On that first day, they continued to try to provoke a response from the Officers and the Guardsman. NO ONE PROVIDED A RESPONSE. I was on the line, near the center right. I remember a plastic water bottle being thrown across the line by the “protesters” on my right side towards a Police Officer. Soon after, a bottle landed on the left side, right behind our line. I yelled out “SHIELDS UP!” Without hesitation, our ENTIRE LINE of Guardsman moved forward, and placed ourselves between the rioters and the Police Officers.
The “protesters” began throwing rocks, glass bottles, and chunks of concrete. I was out there ALL day. There wasn’t any construction going on. There wasn’t a pile of concrete or bricks anywhere to be seen. All I saw were younger people with heavy backpacks. THEY WERE GRABBING CHUNKS OF CONCRETE FROM THEIR BACKPACKS TO THROW AT US. Why is that important? Why would you carry chunks of concrete to a protest? Because you PLAN on using/throwing the concrete… When the concrete began to rain down on us, it came from ALL directions. What does that mean? It was COORDINATED. THEY PLANNED TO ASSAULT US WITH CONCRETE. I didn’t realize until later, but I have to tell you… it really pissed me off when I thought about the situation I had just experienced. As they were throwing these items, the Officers tried to protect us by using less-lethal means (OC/CS/etc). NO LETHAL FORCE WAS USED. Could the Seattle Police Department use lethal force in that situation? Absolutely… a chunk of concrete to the head can KILL someone…
What NO ONE realizes, because the media is bias as hell, at least three police officers were injured that day before SPD used less-lethal means to de-escalate the situation.
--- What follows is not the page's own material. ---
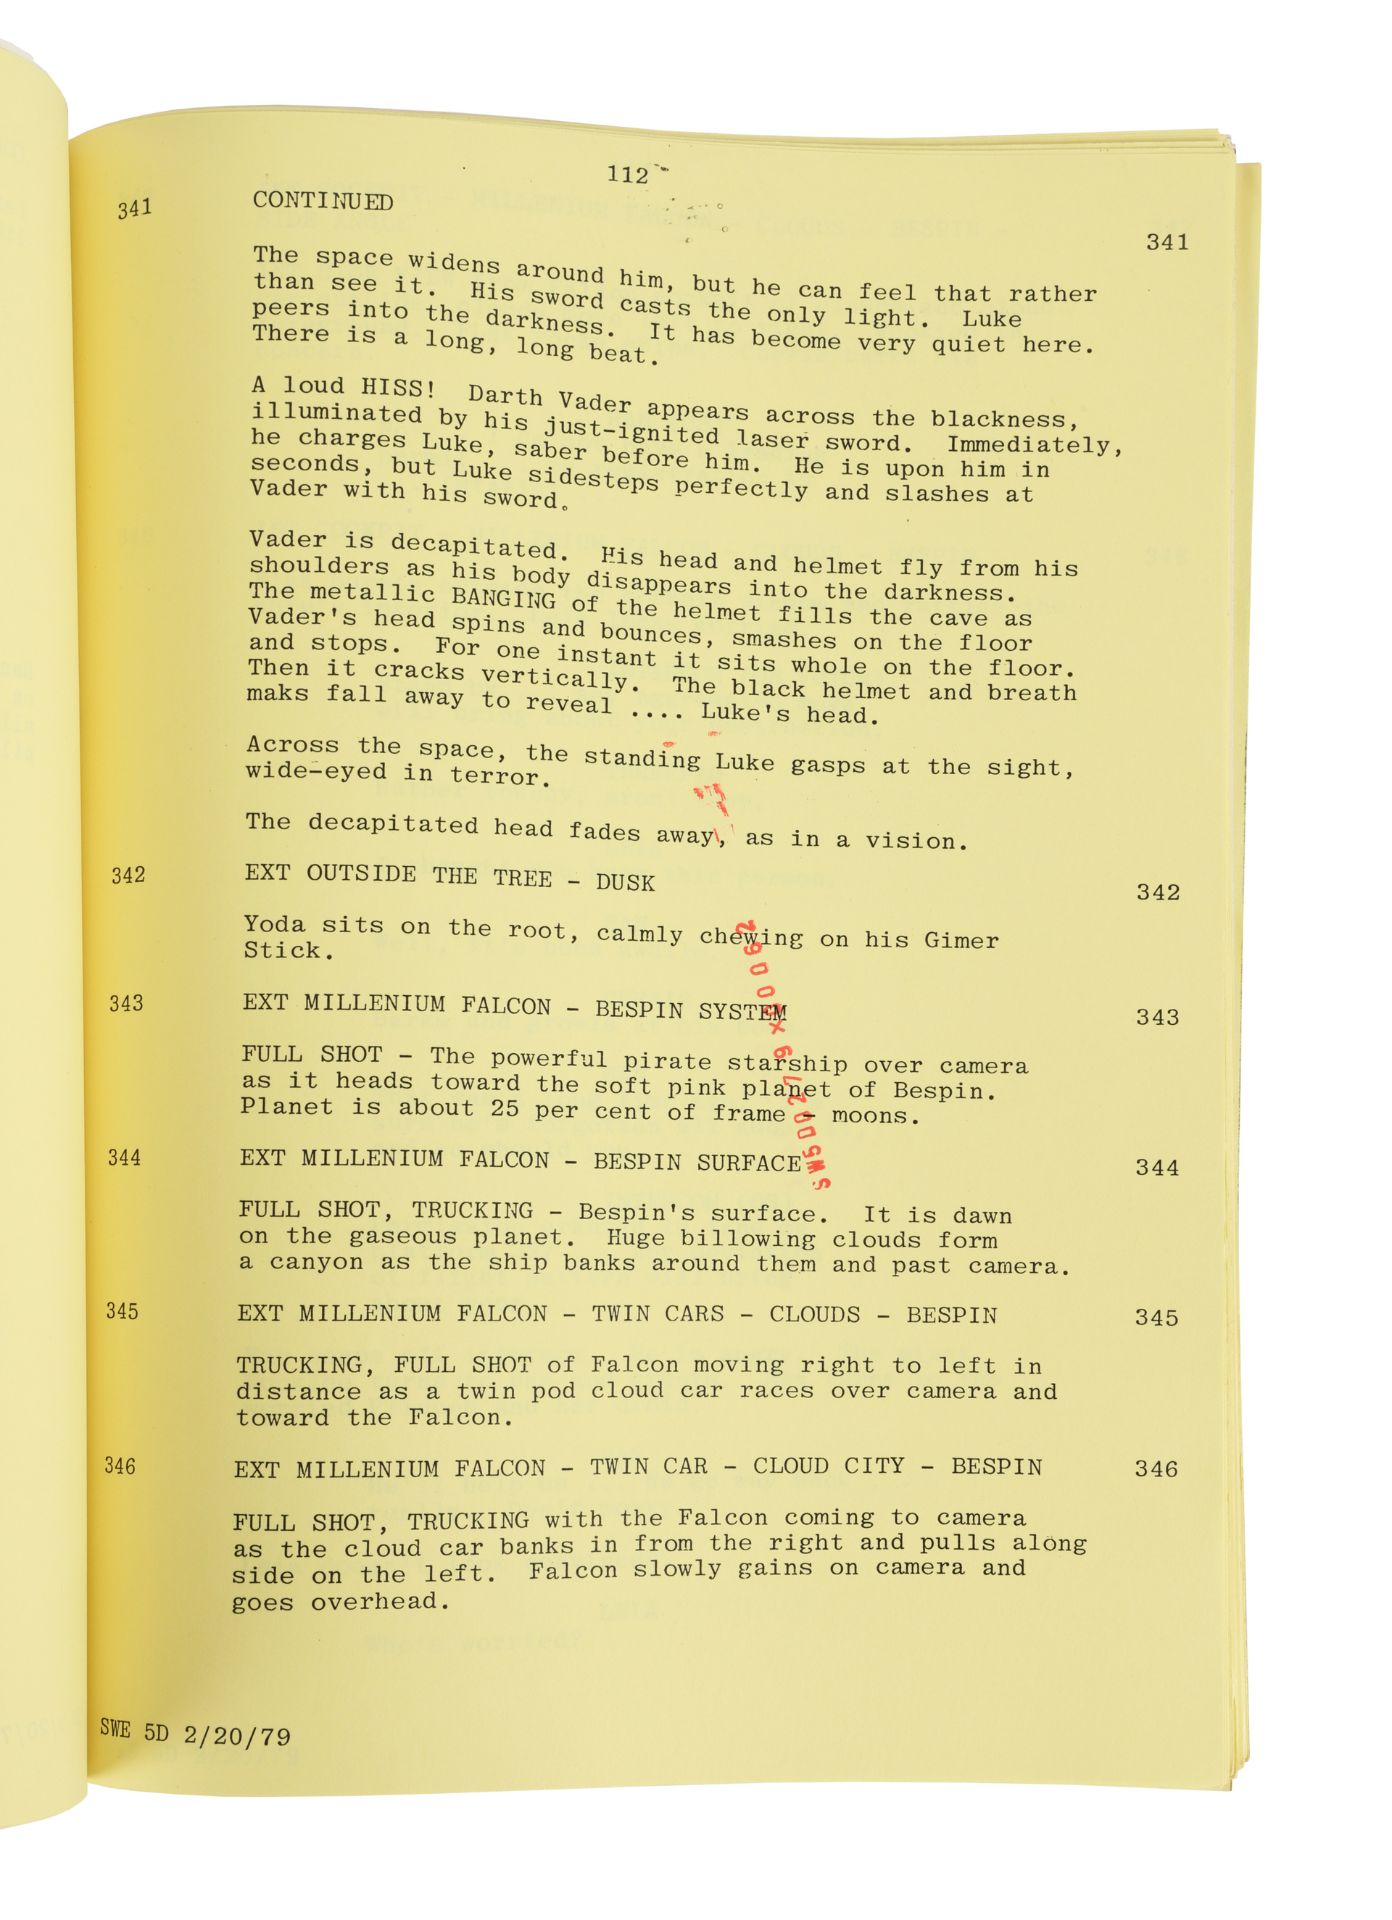 STAR WARS: THE EMPIRE STRIKES BACK (1980) - Anthony Daniels Collection: Hand-annotated Partial Scrip - Image 8 of 12

One Officer took a chunk of concrete to his right eye… last I heard, he’s expected to LOSE his eye. I retrieved a video from that confrontation with the “protesters.” You can see items flying towards us as SPD deploys OC (pepper spray). Notice the second use of OC, the long burst? That was over my right shoulder next to my head. I got some OC contamination from that, which was okay because I was trained for it… The crowd continued to throw concrete. At least two pieces of concrete hit my shield. I later took a picture of my shield, WHICH WAS BRAND NEW, to show the extent of crap being thrown at us.
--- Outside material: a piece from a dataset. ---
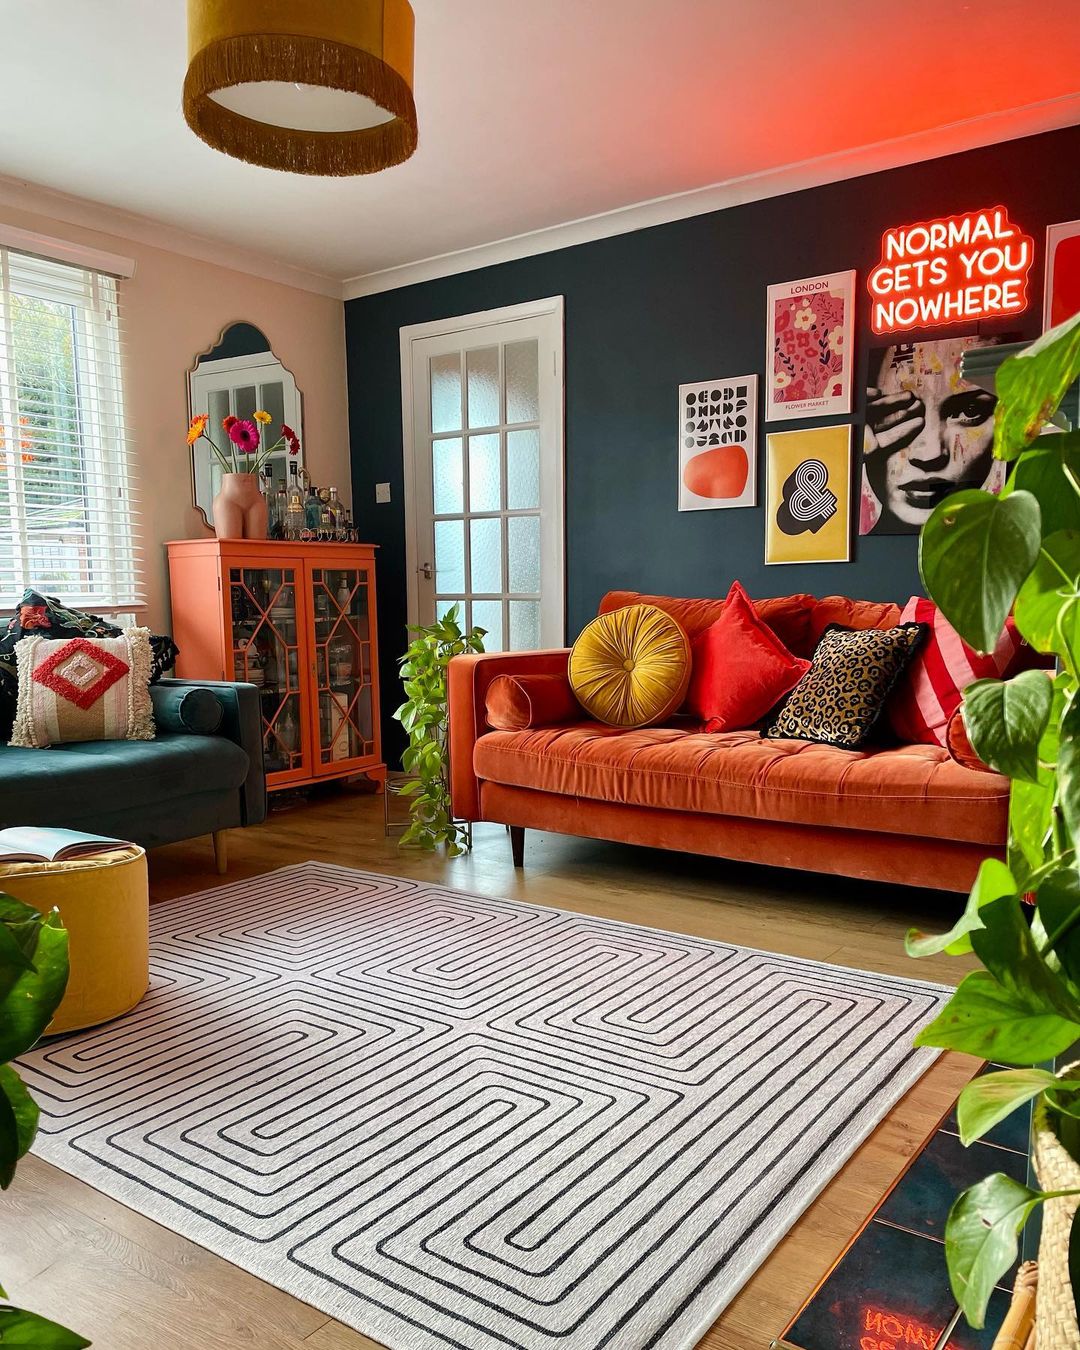 living room decorated with vibrant an orange couch and a green couch, dark green accent wall, colorful furniture, and geometric pattern floor rug

SPD then deployed CS gas. We had planned for this possibility, telling the squad on deck to come relieve us after they put their mask on. Unfortunately, that didn’t happen. As CS was deployed, the crowd began to throw the CS canisters back towards us along with more concrete. I couldn’t put my mask on since I would have had to drop my shield to do so. I was currently protecting SPD Officers and I wasn’t going to allow the Officers behind me to get hurt. So, as Guardsman were pulled off the line by other Guardsman and SPD, I HELD MY GROUND. I’ve been through the CS gas chamber with the U.S. Army, but this was so much worse. I stood there, trying to breathe for as long as I could.
At one point, I looked forward, and saw a female pointing a black pipe towards me. My thought in that moment: “You’ve got to be kidding me… they’re using potato guns too?!” As she turned to her right, I noticed it was a leaf blower. A “PROTESTER” brought a leaf blower to blow CS gas towards us… (It’s not like they were anticipating that, right?!) As the clouds of CS were parting due to her efforts, I saw a male… wearing a black hoodie, with the hoodie up, a bandanna, black pants, and a black backpack, in a throwing position. I watched as he threw a large piece of concrete (at least 5” x 5”), that was shaped in a triangle, directly at me. As it hit my shield (notice the white impact mark on the picture), I thought to myself… if I was armed, I would have shot him… The cloud of CS overtook me. As I struggled to breathe, I looked to my left and NO ONE was there. I looked to my right and saw only ONE OTHER SOLDIER. I began to fall back as a sea of navy blue rushed forward. SPD and the Washington State Patrol to the rescue! I returned to a rally point, dropped my shield, put on my gas mask, and began helping other soldiers that had been out on the line. As the smoke began to clear, I took a couple photos to remember this moment and the anger that flooded my emotions.